While scientists around the world raced to develop a vaccine to prevent infection with SARS-COV-2 during the early days of the COVID-19 pandemic, the Gladstone institutes in San Francisco turned their expertise in battling HIV toward studying the coronavirus.
Dr. Warner Greene, a senior biologist and clinician at the Gladstone Institutes, told us about some of those early efforts last March on “Civic.” His colleagues were looking at existing drugs that might be repurposed to fight the coronavirus.
On a follow up interview on “Civic” on Tuesday, he said that work continues: “I would say that at this point in time, there are lots of promising leads, but no absolute home runs.”
An example of one of those early leads that proved to be a false hope was the repurposing of the antimalarial drugs hydroxychloroquine and chloroquine, which were touted by President Trump and others as a treatment, but when studied in patients proved to have no impact on the course of COVID-19.
New intravenous therapies such as Remdesevir and monoclonal antibodies have proven effective at reducing the severity of COVID-19, but must be given early in the course of disease and in a medical setting.
The key in the future will be to find or develop drugs that will interfere with the Coronavirus’ ability to continue to infect cells once it is established in the body, ideally in a drug form that can be taken as a pill or inhaled.
Basic research coming out of Gladstone and other labs has found that all known coronaviruses use the same sequence of proteins to gain entry into the host cells. “So we’re looking for peptide inhibitors that could be potentially inhaled,” Greene said. “That would apply not only to SARS-COV-2, but to any Coronavirus. So if we were ever unfortunate to see SAR-3 [or] SARS-4, we would have in our back pocket a potent antiviral.”

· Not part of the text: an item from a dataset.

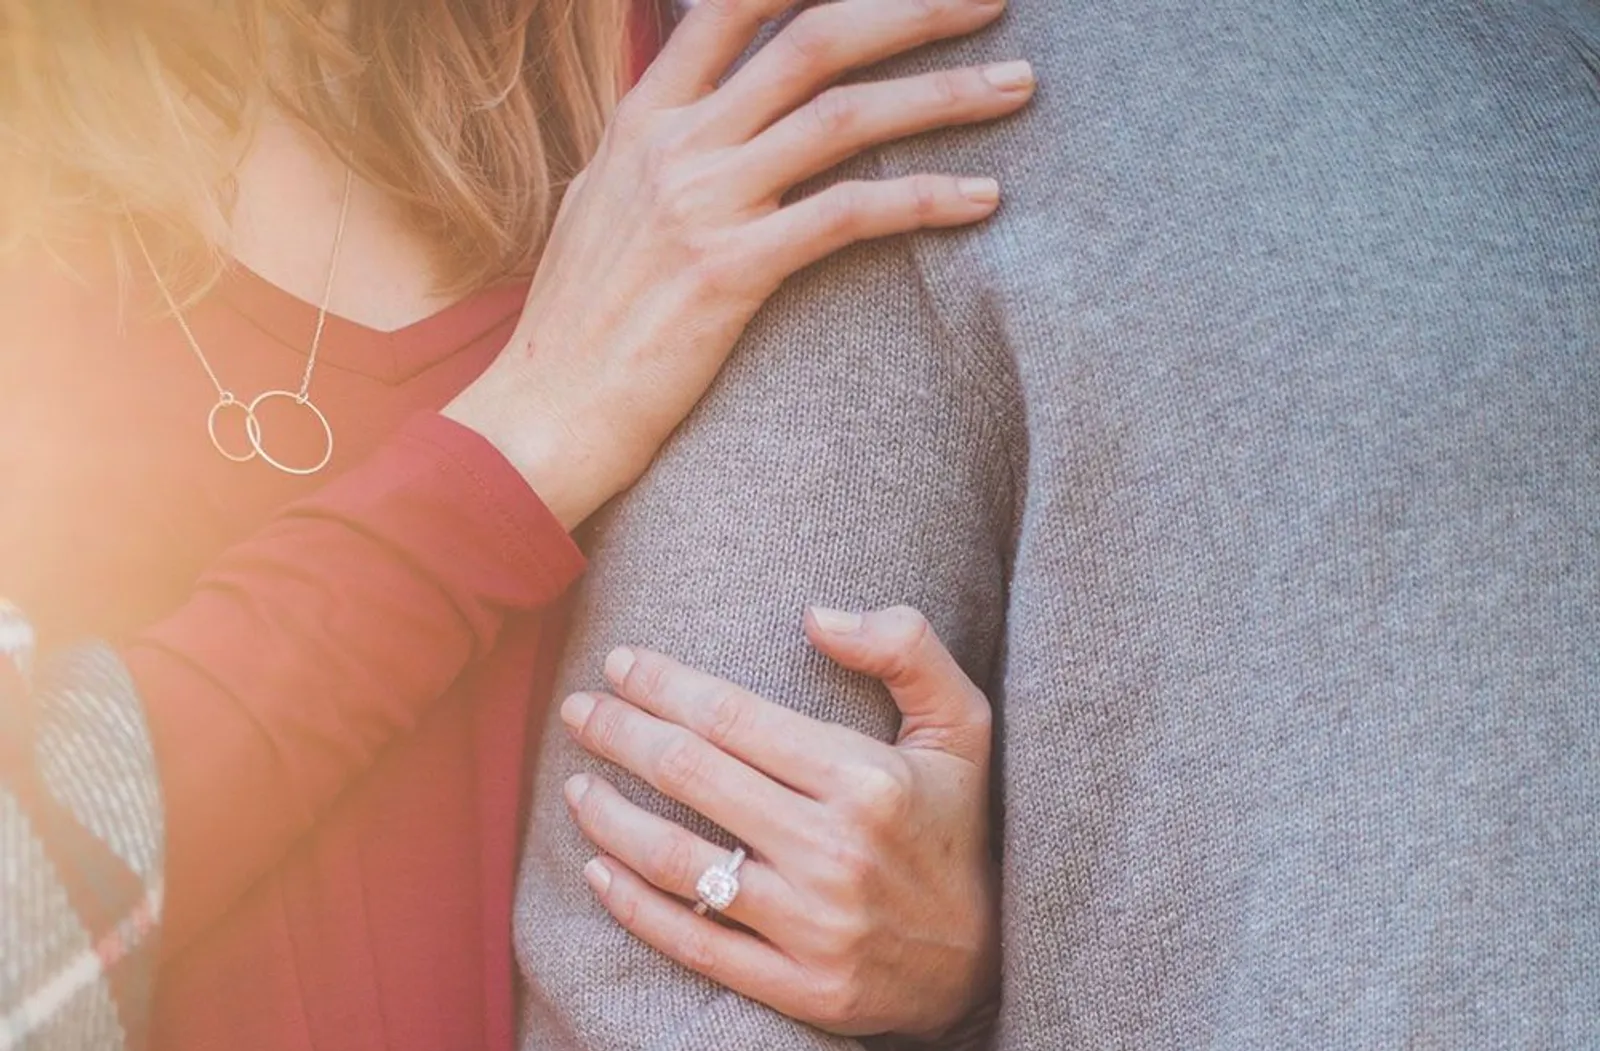 5 Sikap Romantis yang Bisa Bikin Kamu Sama Pacar Bosan dan Putus

Therapies to treat future outbreaks aren’t the only concern. Another major issue involves the estimated 10% of COVID-19 patients who have gone on to experience symptoms long after their initial infection. Treatments for so-called “long haul” COVID-19 patients have become a major focus of researchers.
Greene said one factor his colleagues are examining is COVID-19’s creation of tiny blood clots throughout the body. Young people are experiencing strokes or clots in the lungs or legs, with the latter symptom causing blue toes, he said.
Gladstone and other researchers believe the blood clotting may be part of some complex and not yet understood autoimmune response.
“Hopefully we can find some interdictions that will short circuit those responses,” he said.
Dr. Steven Deeks, a UCSF Professor of Medicine and Gladstone Center for AIDS researcher, is starting a cohort of long haulers to clinically study those patients.
However the research continues to advance and for all the tragic loss of life and failed public policy during the pandemic, Greene said it is still important to realize what has been achieved in less than a year.
“This pandemic will go down in history as a true triumph of science, the creation of these vaccines in record time that have such high efficacy,” he said. “A testimony to the investments that have been made in science in the past that enabled this type of incredible response. So I hope that everyone remembers this and that science continues to be supported in this country in a way that it should be.”